_What is expected_. Only the pictures should be left out; write out all other data exactly.

_Raw data_.
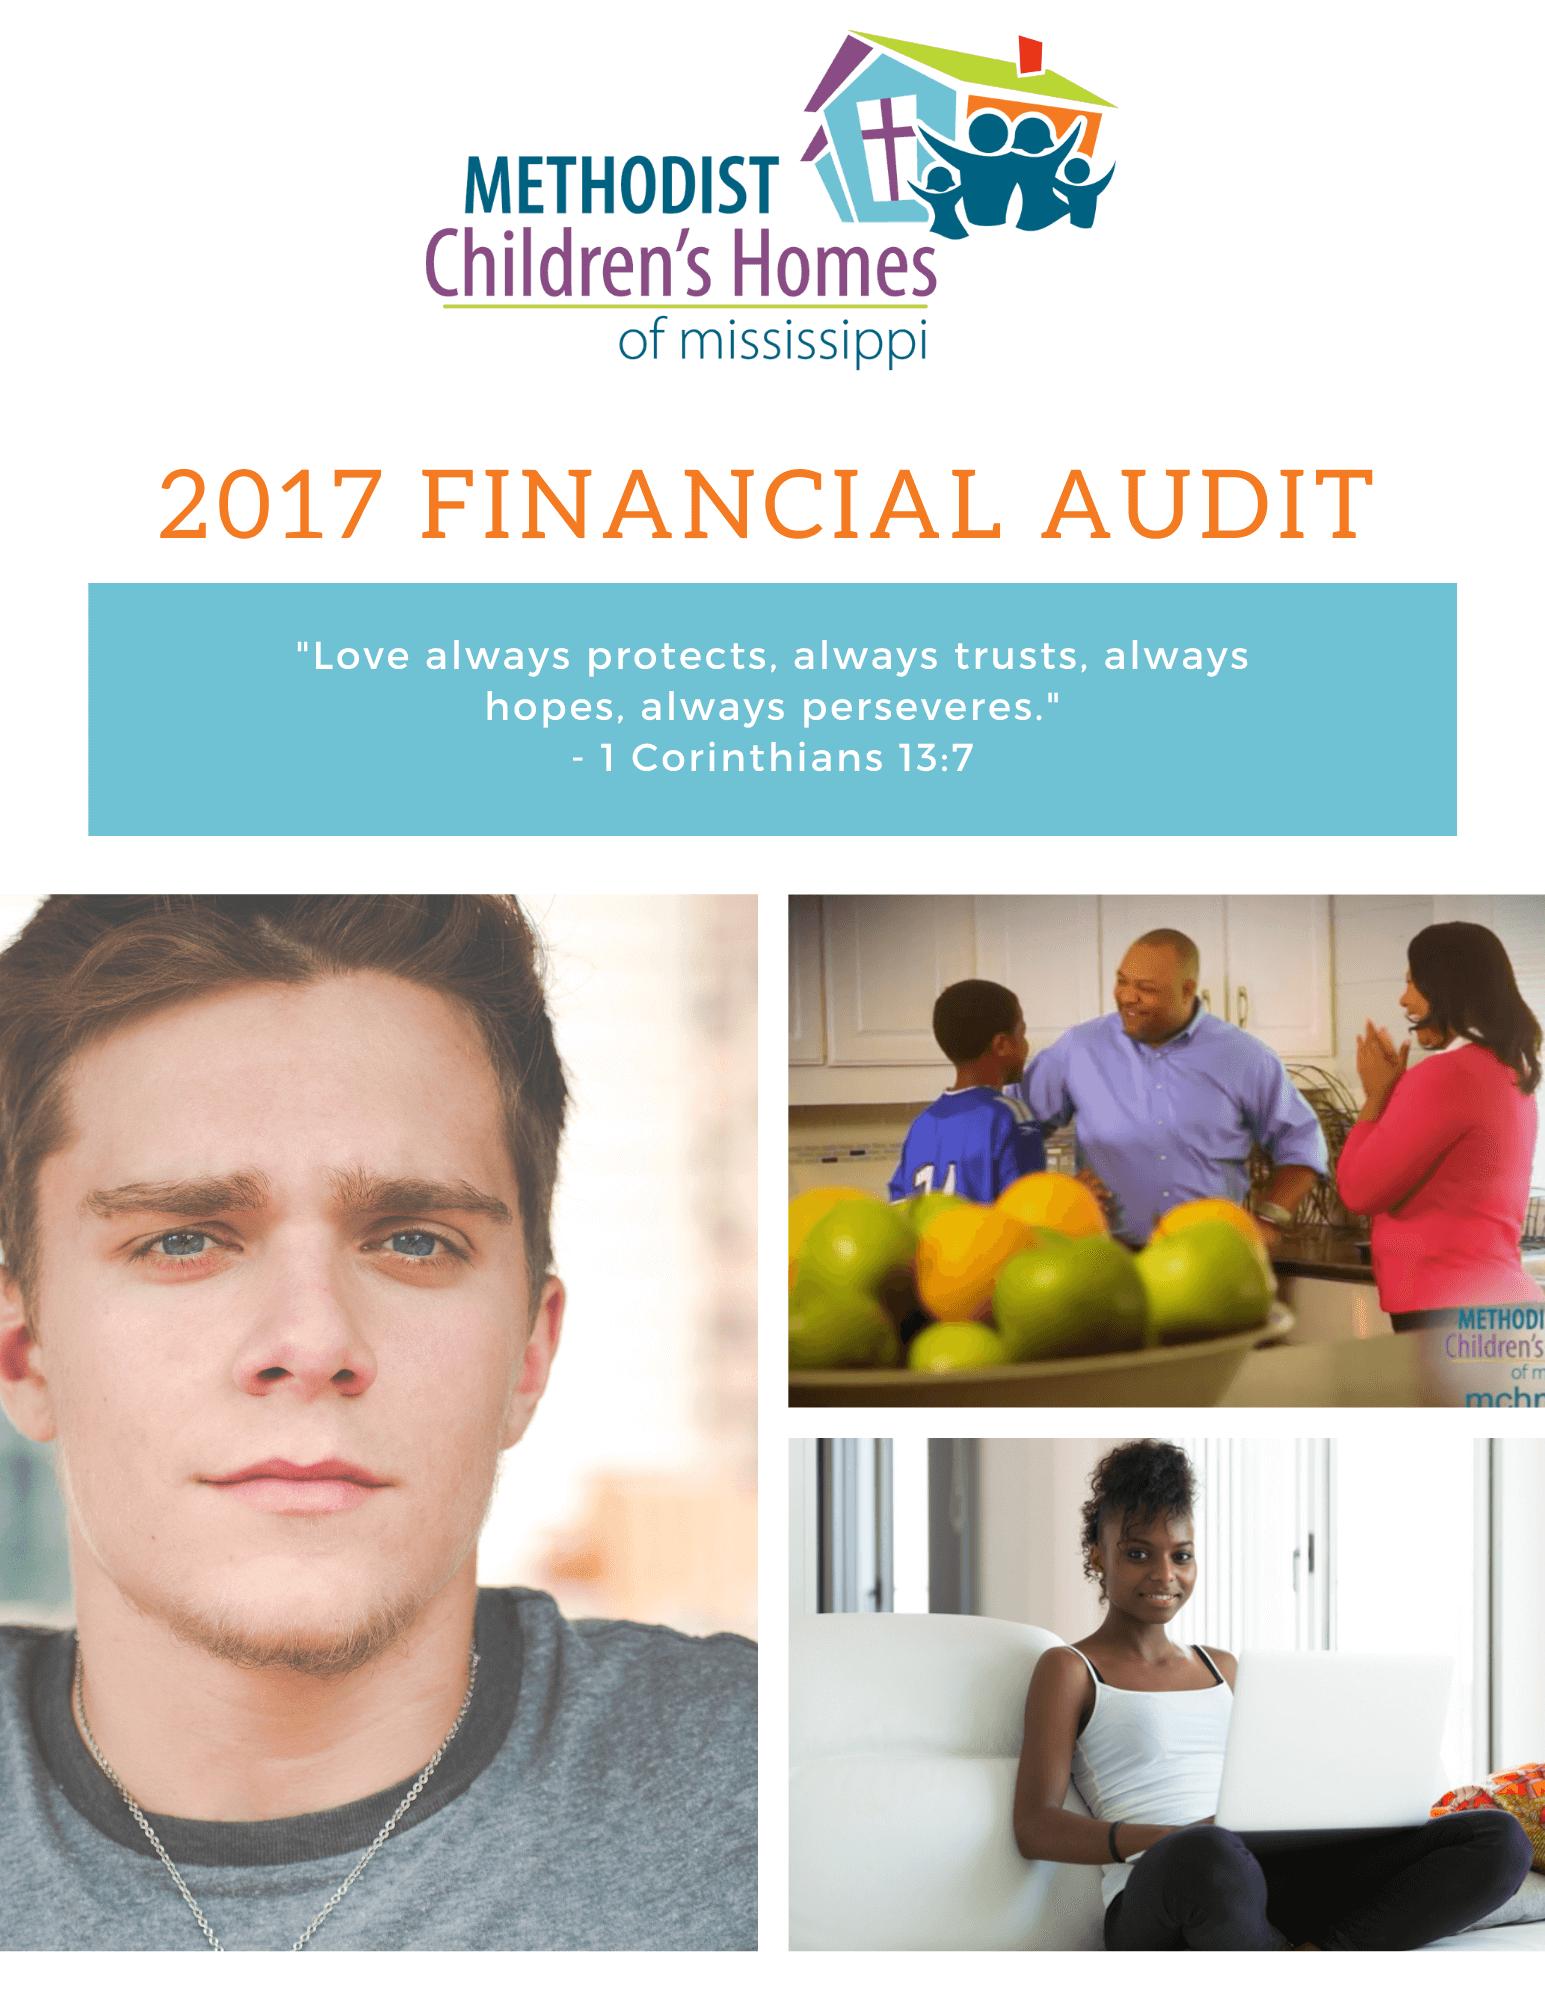 990 financial audit images (1)
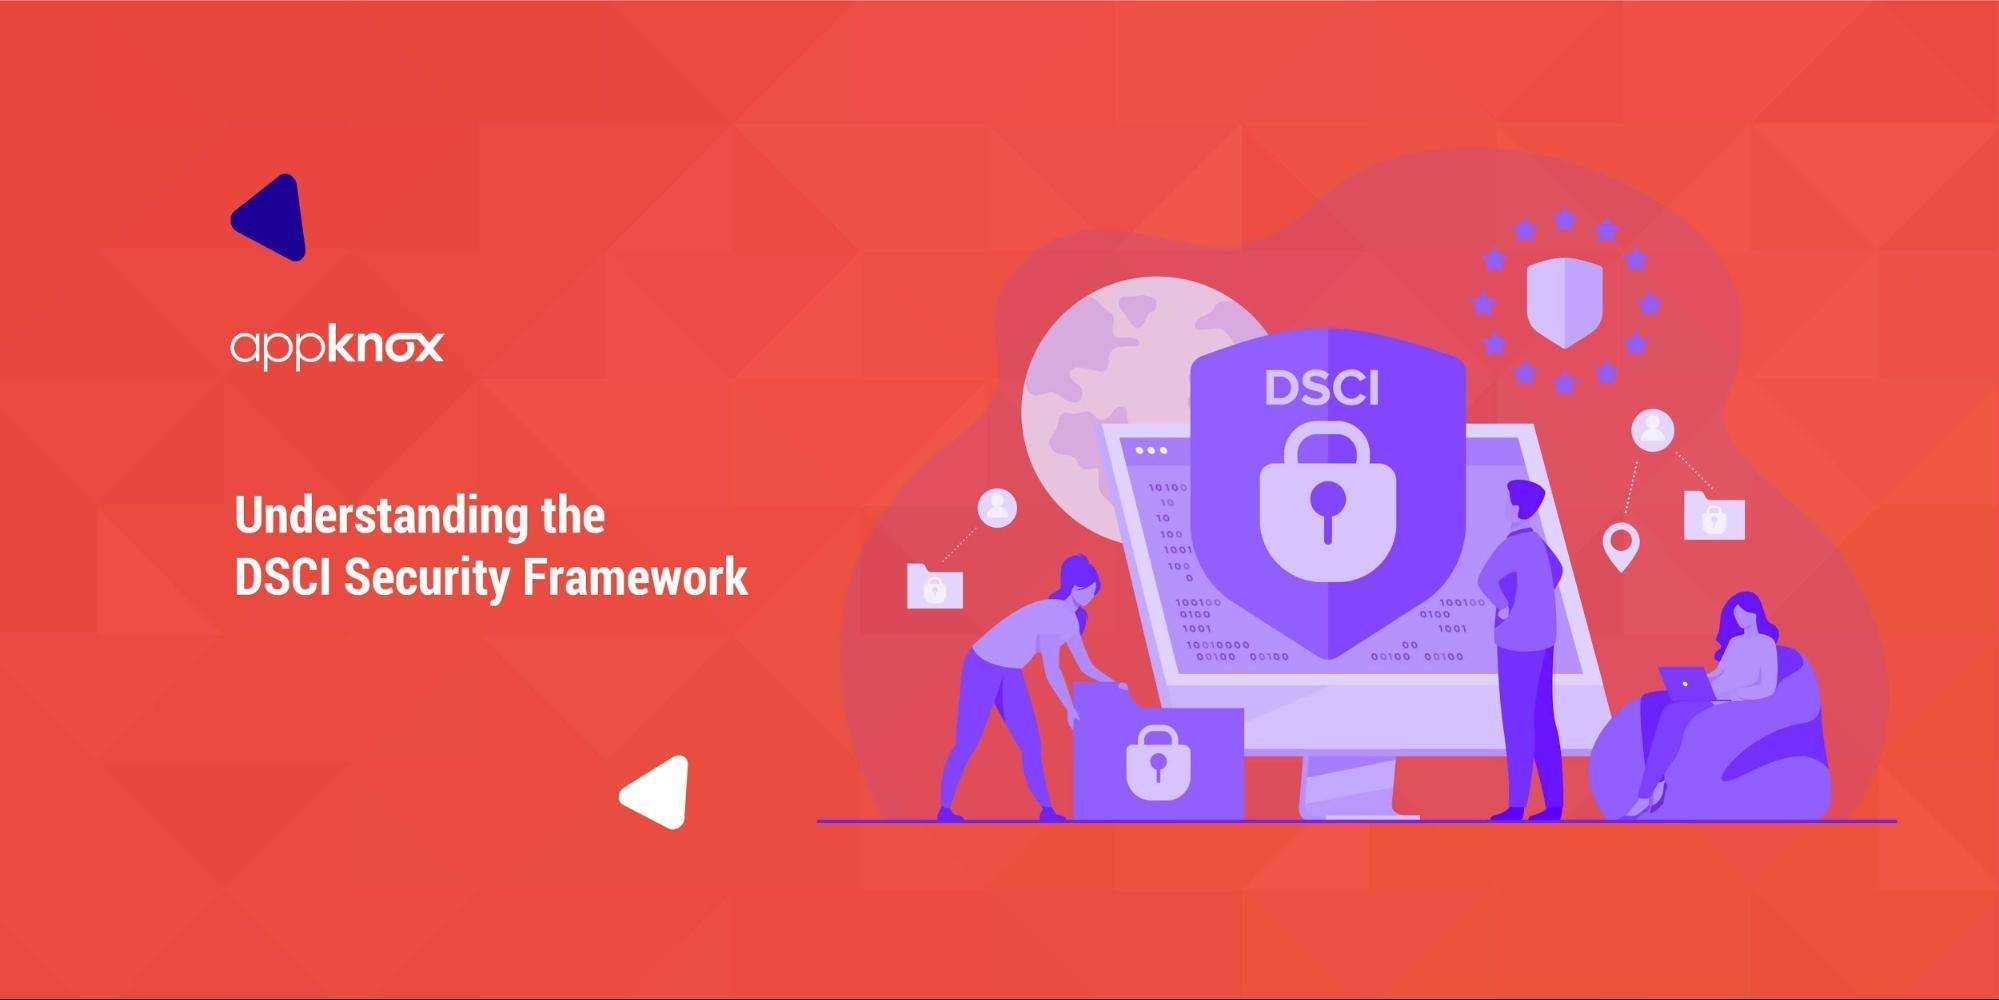 Understanding the DSCI Security Framework
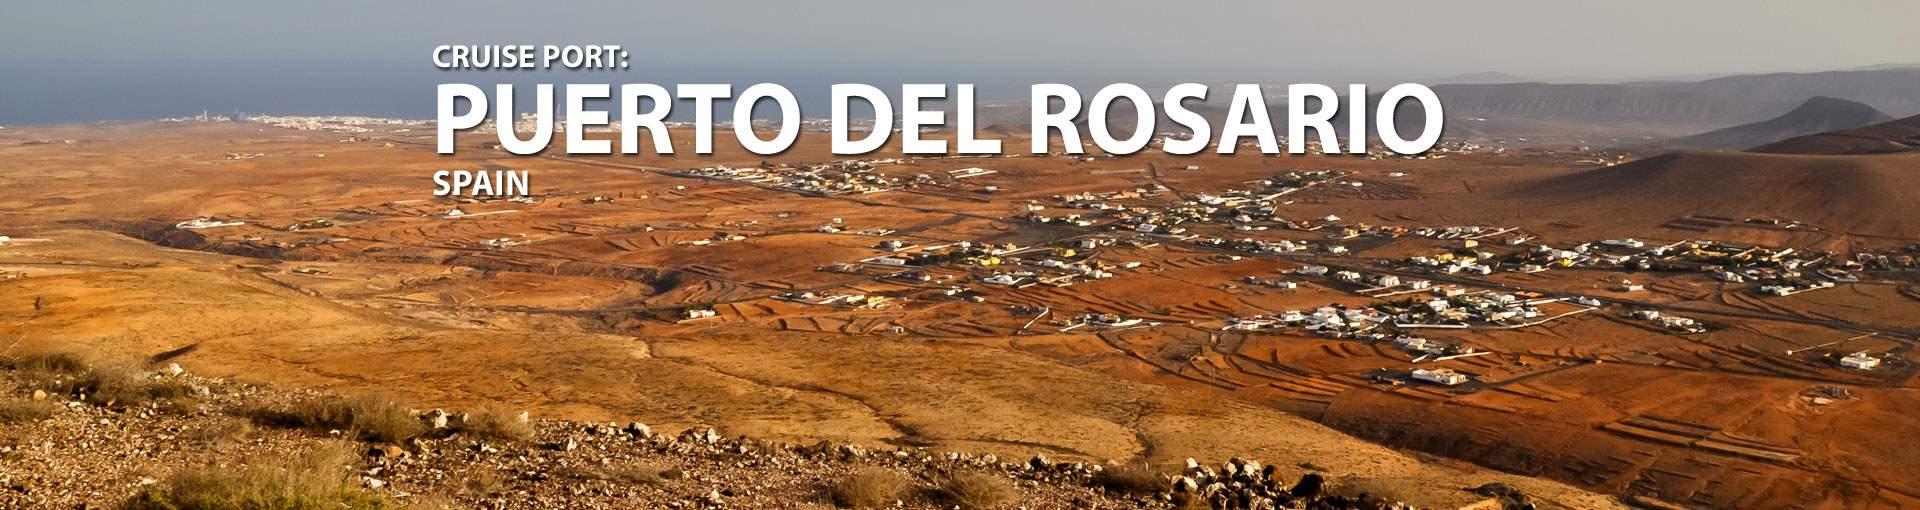 Cruises to Puerto Del Rosario, Spain
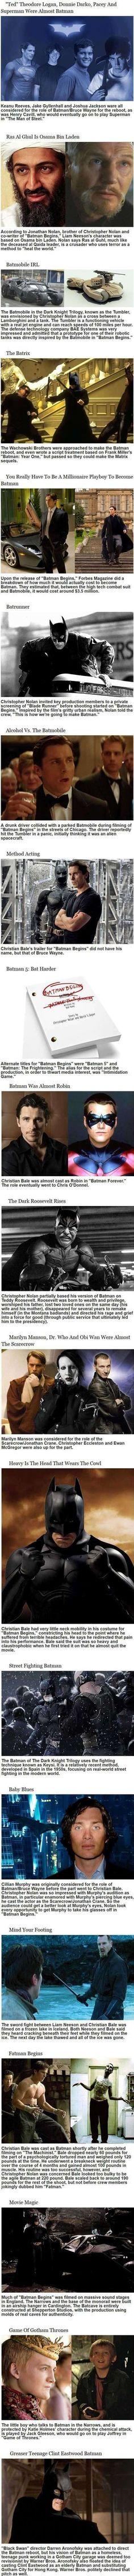 Interesting Facts About Batman

_Answer to this task_.
 990 financial audit images (1)
 Understanding the DSCI Security Framework
 Cruises to Puerto Del Rosario, Spain
 Interesting Facts About Batman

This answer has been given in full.